- [What you need to do]
Exactly as they appear below, repeat the lines from the one with "Cartier 18K Yellow" through the one with "World's Finest Comics", and no others.

- [Records shown]
--------

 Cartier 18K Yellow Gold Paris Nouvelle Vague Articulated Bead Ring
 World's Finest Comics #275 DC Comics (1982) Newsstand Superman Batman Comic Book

--------

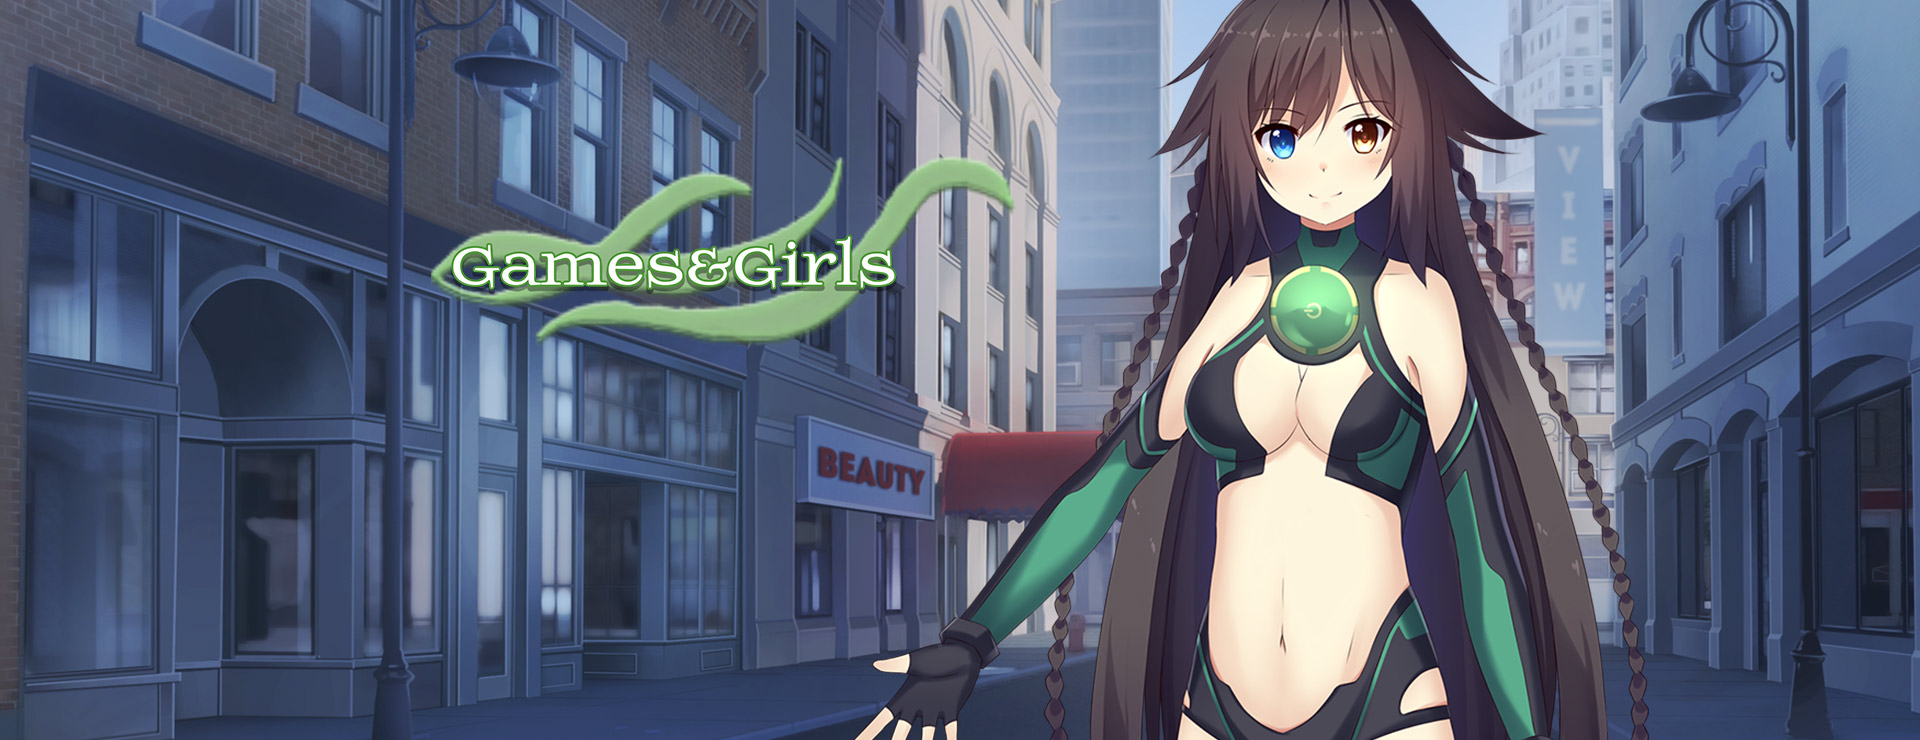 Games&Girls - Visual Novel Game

--------

- [Exercise result]
 Cartier 18K Yellow Gold Paris Nouvelle Vague Articulated Bead Ring
 World's Finest Comics #275 DC Comics (1982) Newsstand Superman Batman Comic Book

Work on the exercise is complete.